Task prompt: Where a picture appears, skip it and copy everything else in the listing exactly.

Recorded information:
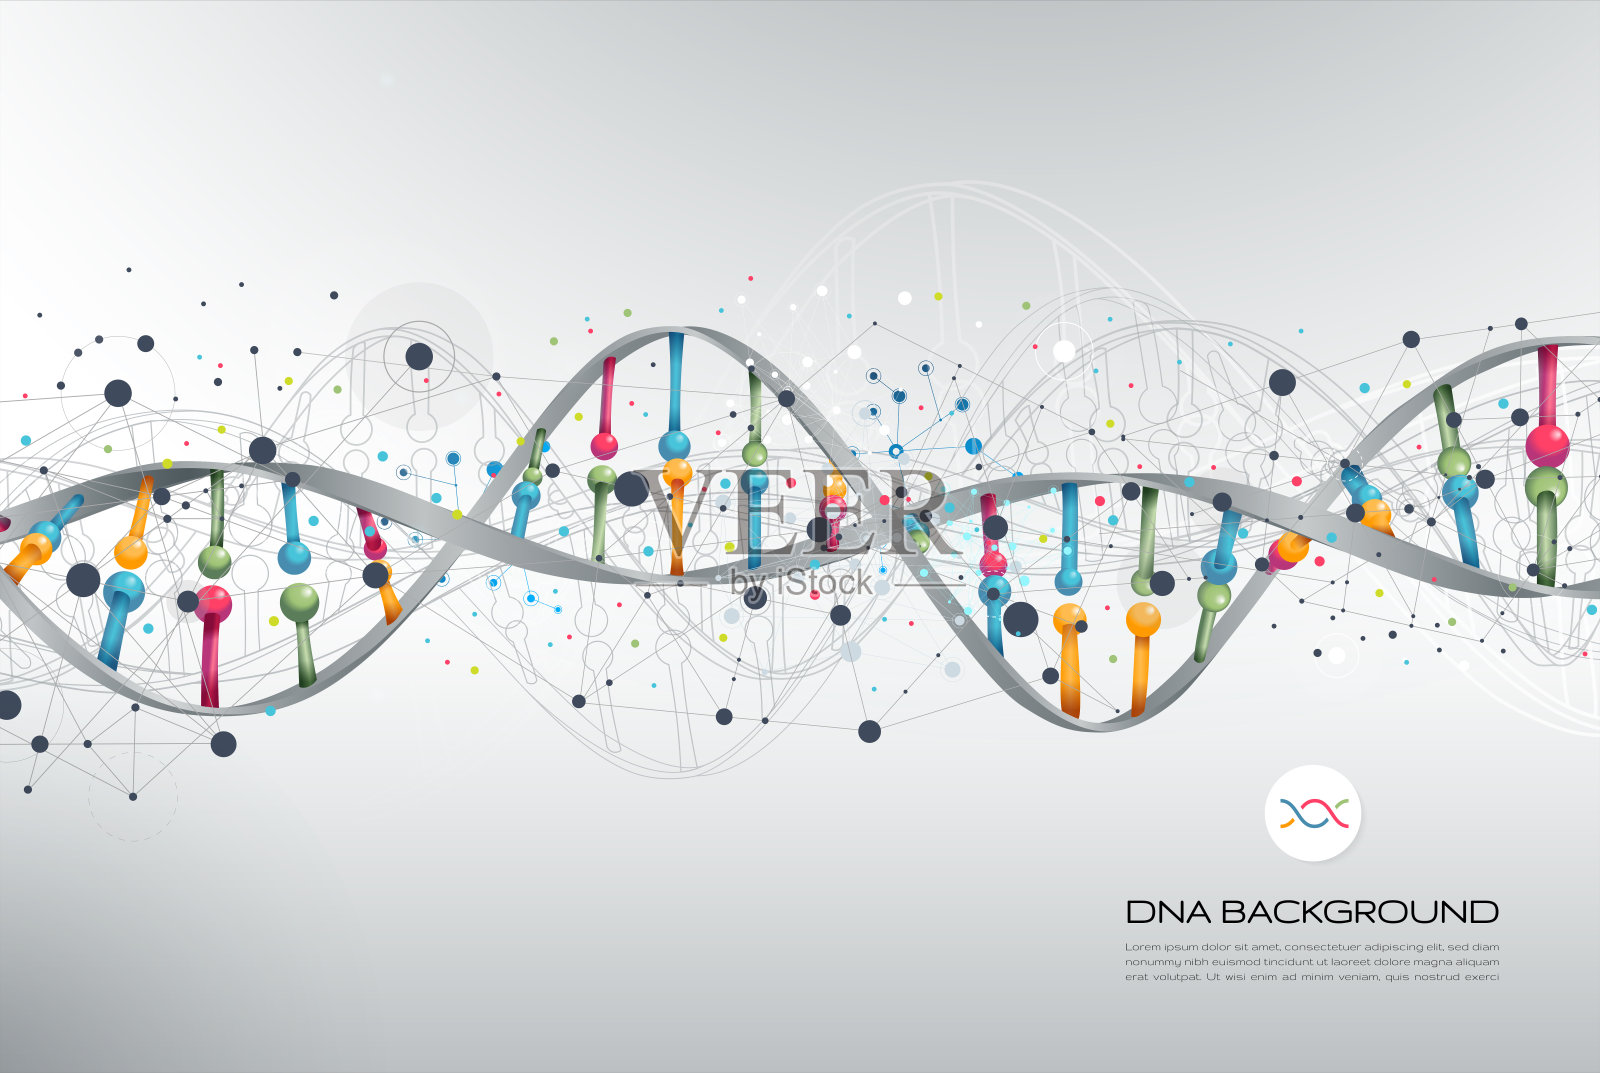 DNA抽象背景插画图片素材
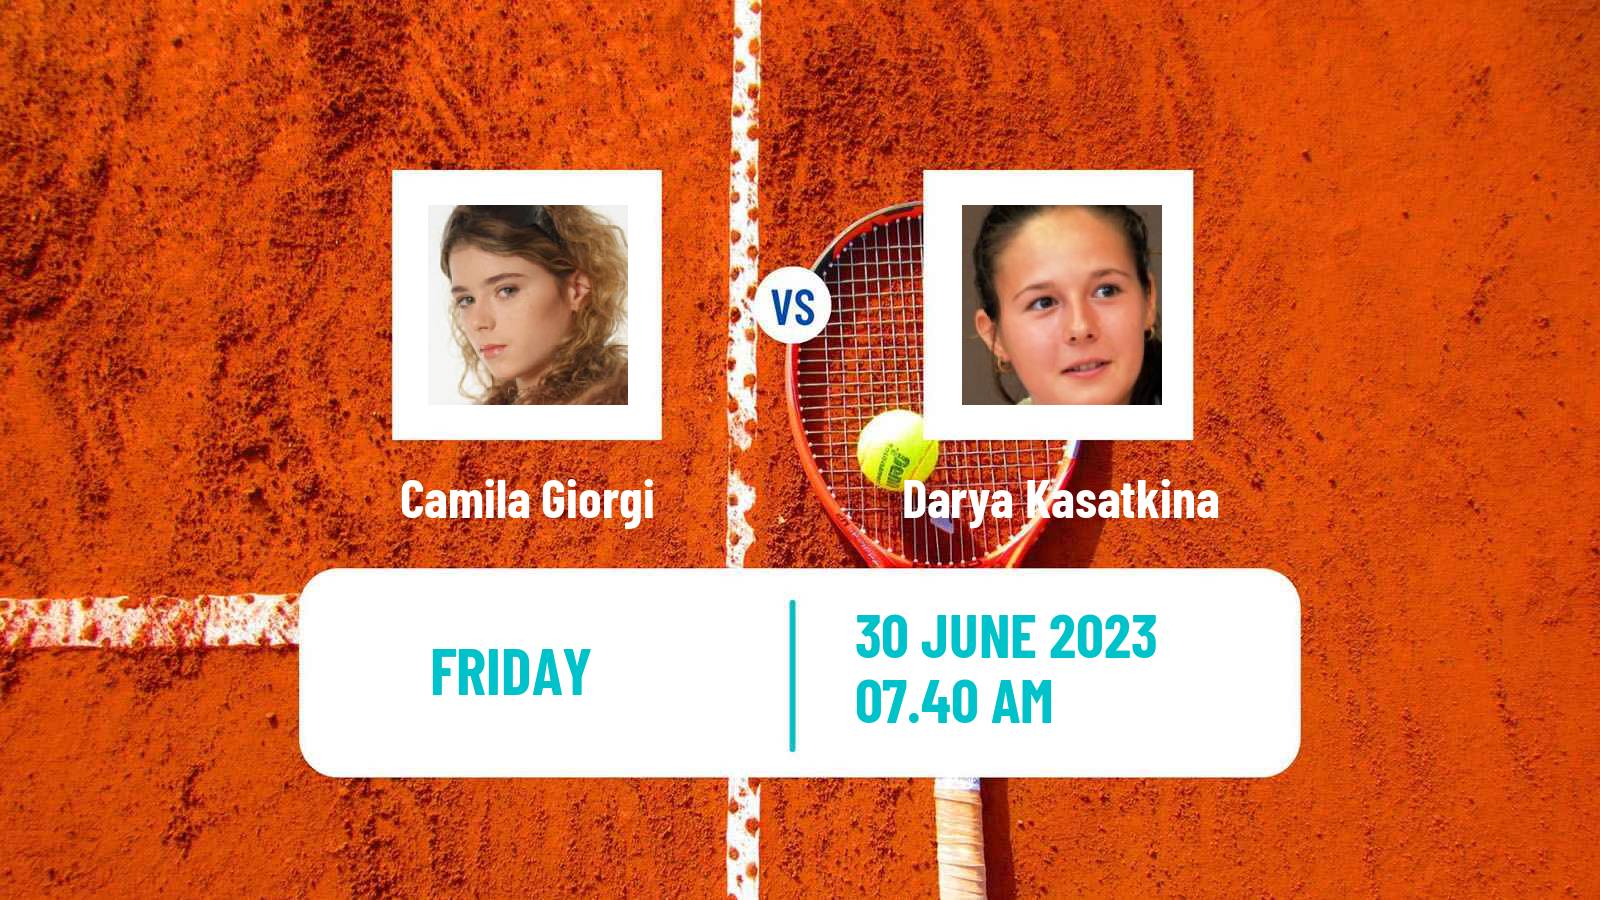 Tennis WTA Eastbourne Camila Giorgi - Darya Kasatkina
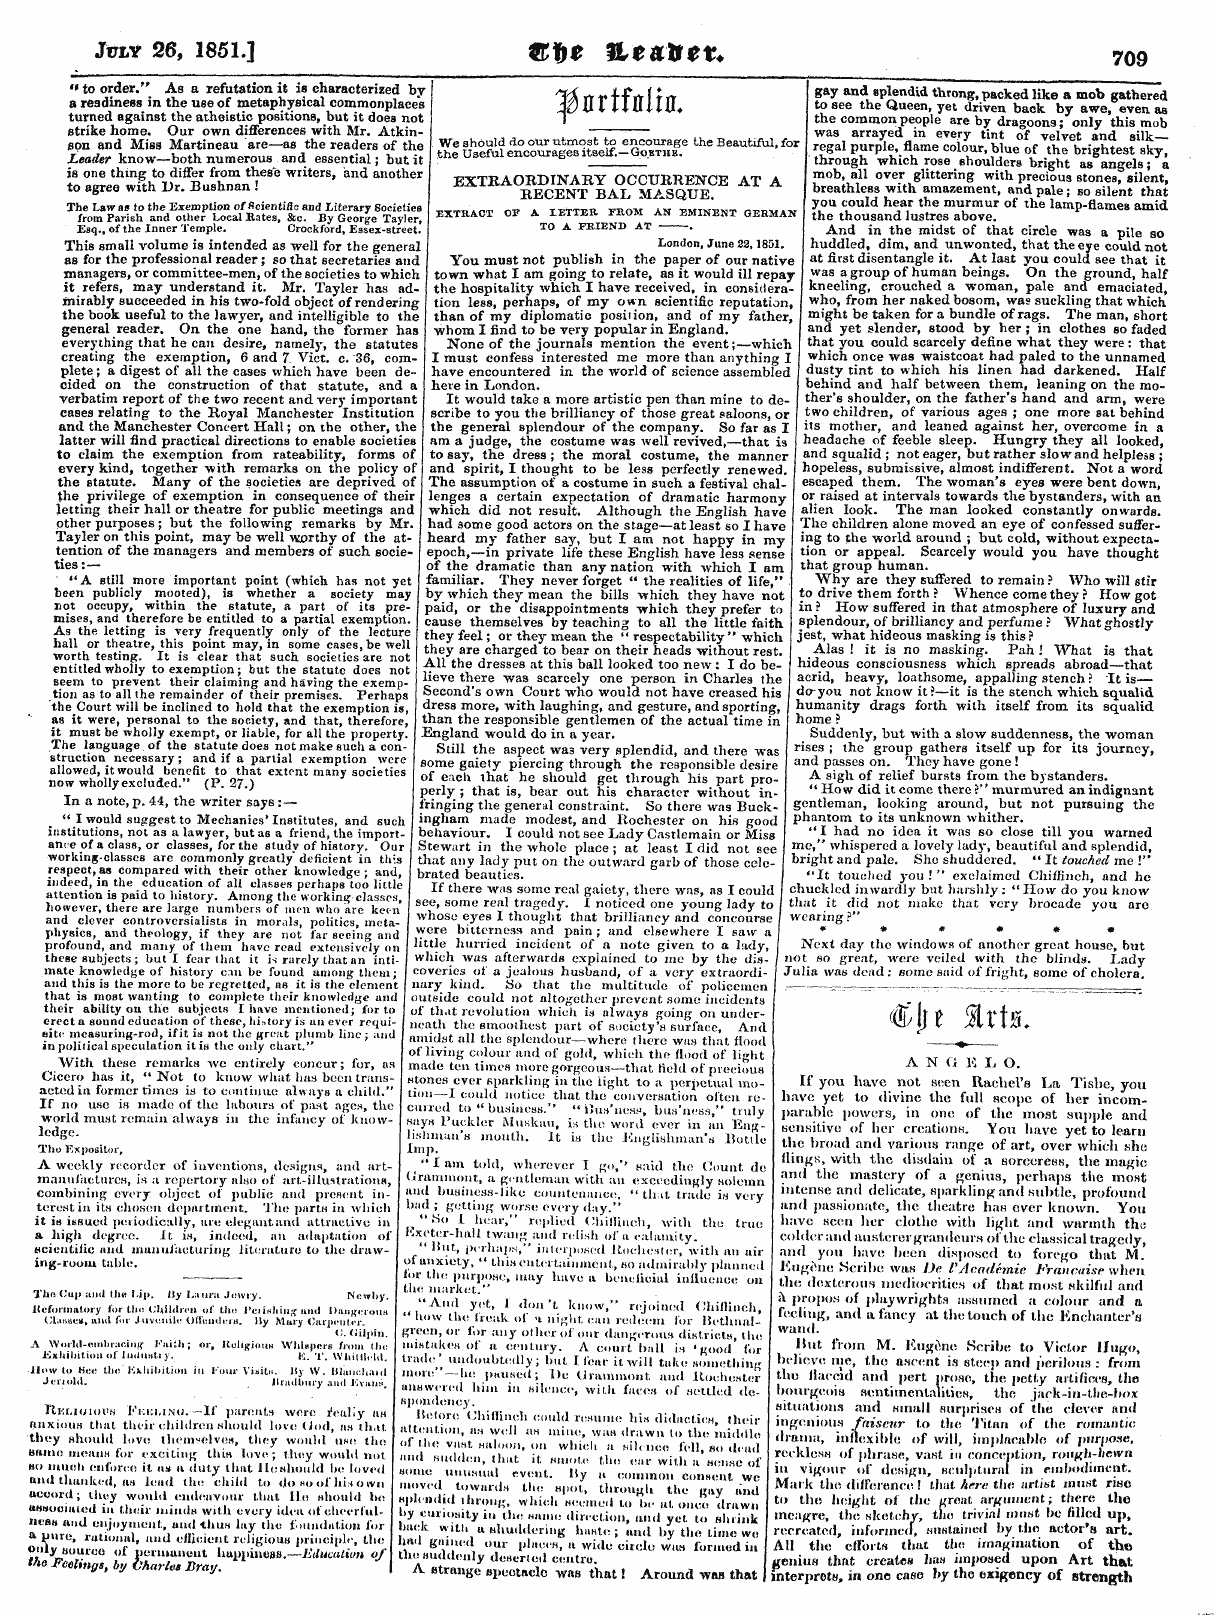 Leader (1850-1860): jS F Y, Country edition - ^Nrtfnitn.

Result for this task:
 DNA抽象背景插画图片素材
 Tennis WTA Eastbourne Camila Giorgi - Darya Kasatkina
 Leader (1850-1860): jS F Y, Country edition - ^Nrtfnitn.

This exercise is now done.